Shawmut declared the health care bonds in default and refused to release any more of the bond-issue proceeds for lending to health care providers. That created a huge problem for Towers: It had already sent money to health care providers after purchasing the receivables backing the bond proceeds at Shawmut.

Once the money from Towers stopped coming, many providers simply kept the insurance payments. As a result, Towers Financial’s cash flow slowed to a trickle. Realizing his time was running out, Hoffenberg tried to cover his tracks. One attorney would later discover a $6,400 claim against Towers from the Mobile Shredding Corp. of New York that covered work during the last months of 1992. Mobile had shredded ten tons of Towers documents.

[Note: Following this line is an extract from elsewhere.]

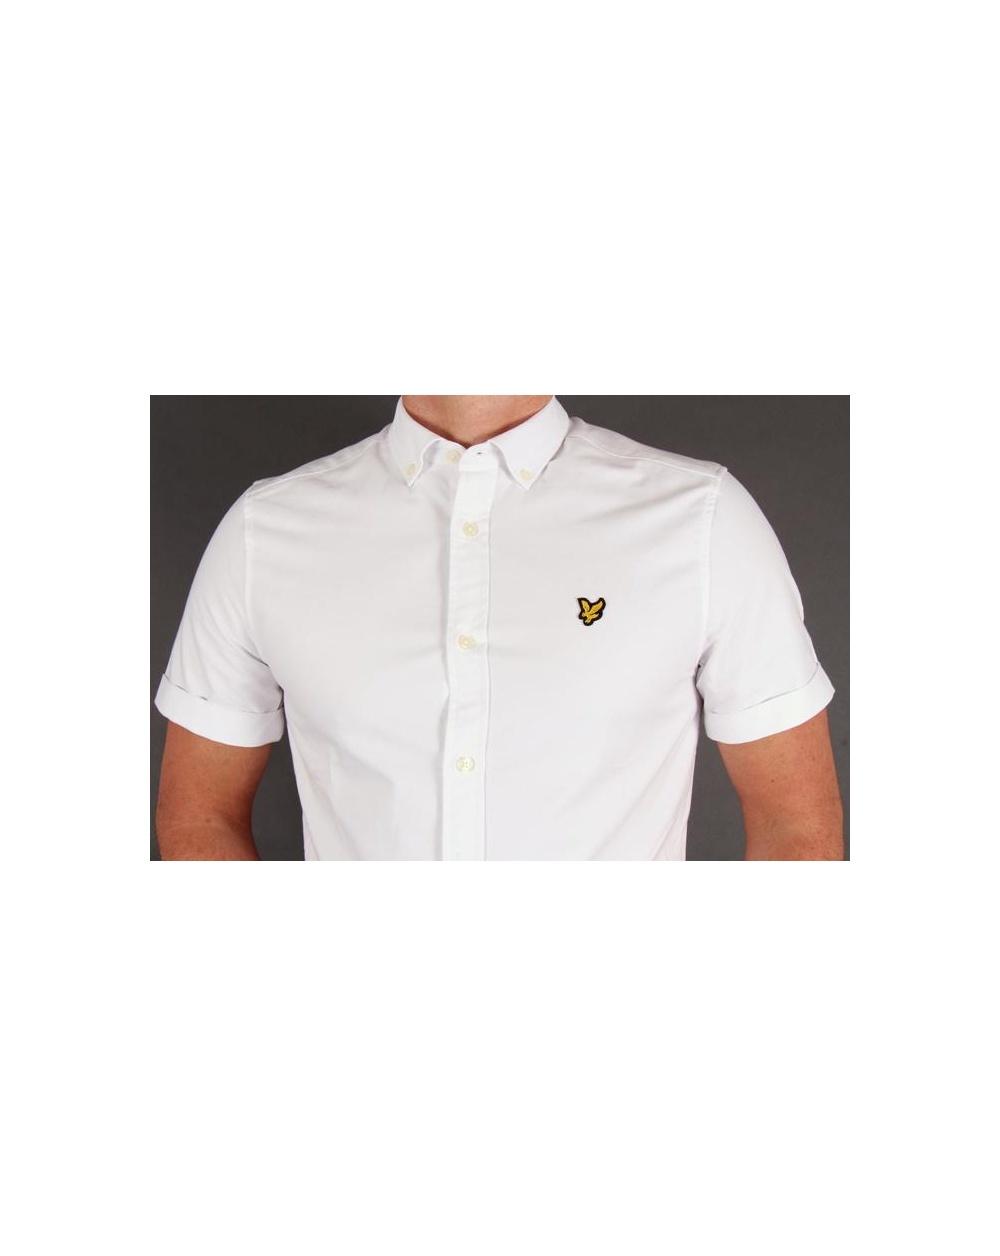 Lyle And Scott Short Sleeve Oxford Shirt White

In February 1993, the SEC filed a lawsuit in New York federal court, charging Hoffenberg with securities fraud and demanding the appointment of an SEC trustee to run the company. Towers filed for bankruptcy protection a few days later.

In March 1993, Alan Cohen—a New York-based workout consultant—was appointed trustee. When he arrived at Towers Financial’s offices, Cohen found Hoffenberg there, still trying to hang on to his control of the company. “I suggested to him that it would probably be better if he didn’t come around anymore,” said Cohen.

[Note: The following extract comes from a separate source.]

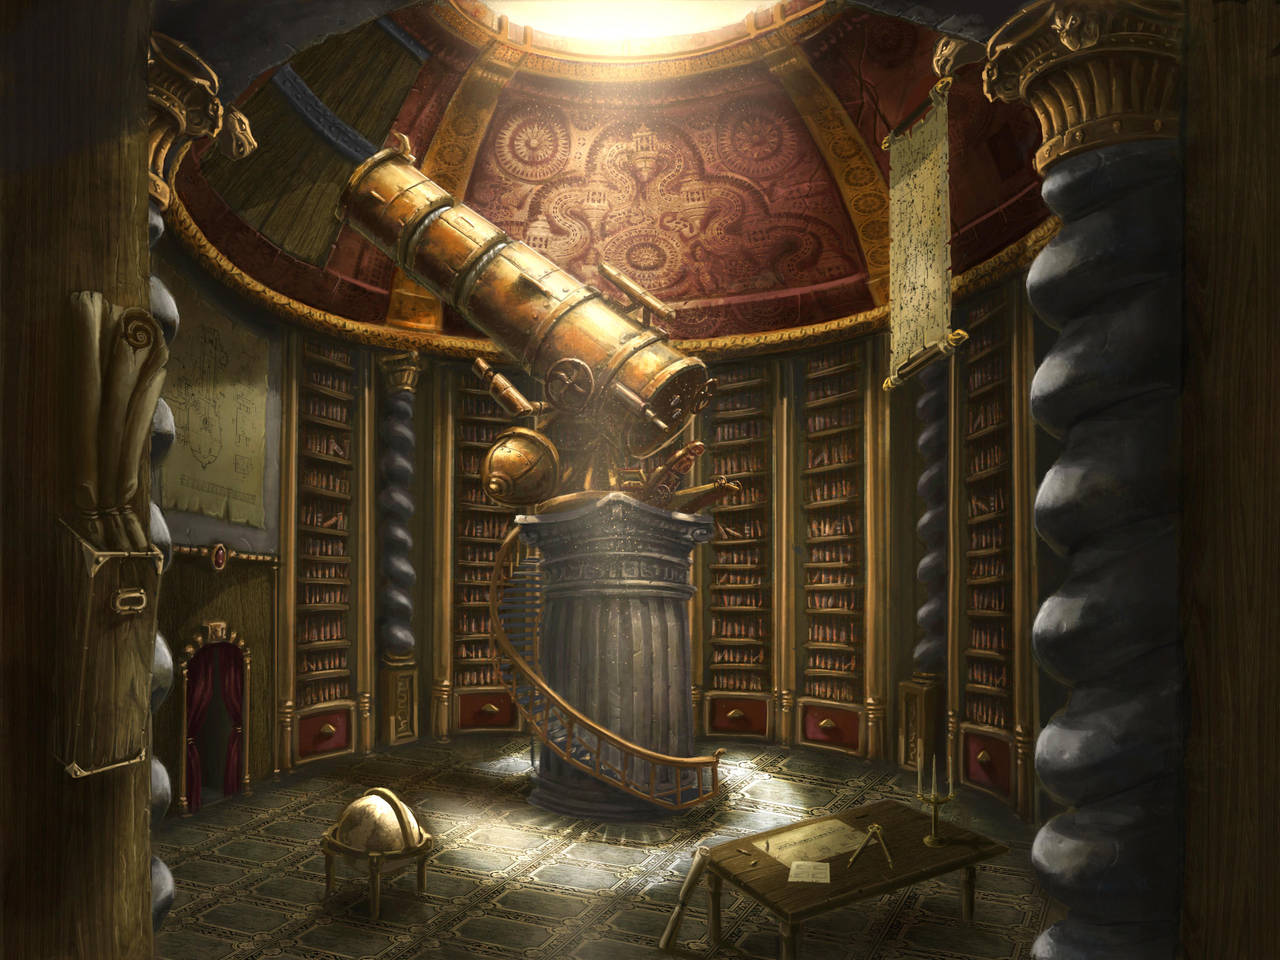 Observatory room by ARTOFJUSTAMAN

The federal lawsuit charged that Hoffenberg never intended to do anything with money taken from gullible investors except “apply it to [his] own purposes and use it for the payment of interest owing to other investors.” According the U.S. attorney, “Unbeknownst to the investors, the source of the interest they received on the Notes was the principal paid by later Note investors.”

That’s as succinct a definition of
Ponzi scheme
as any.

During its heyday, Towers had referred skeptical investors to Duff & Phelps, a financial credit rating agency which “would provide independent verification and corroboration regarding the creditworthiness of [Towers Financial] and... confirm the positive statements [it] had made.” Duff & Phelps claimed it used what it called a “shadow rating” of Towers Financial. Its staff told a number of investors that it “had conducted extensive due diligence investigations prior to assigning ratings to the bonds.”

Burned investors eventually sued Duff & Phelps, claiming that it had known that the false information would be used in investment decisions. They said: “At all times Duff & Phelps knew that the false assurances and information it was providing would be... used by the brokers and their clients... to evaluate whether to purchase and/or maintain investments in [Towers Financial].”

The January 1996 federal court decision
Shain v. Duff & Phelps Credit Rating Company
considered the complaints against the rating company. The case had been brought by Myron Shain, who’d invested $200,000 in Towers notes, on behalf of himself and a class of similarly situated suckers.

The gist of Shain’s complaint was that “Duff & Phelps actively foisted a uniform and consistent set of misrepresentations and omissions on the Duff & Phelps Class via the Class Brokers who reiterated them to, or relied on them for, the Class.”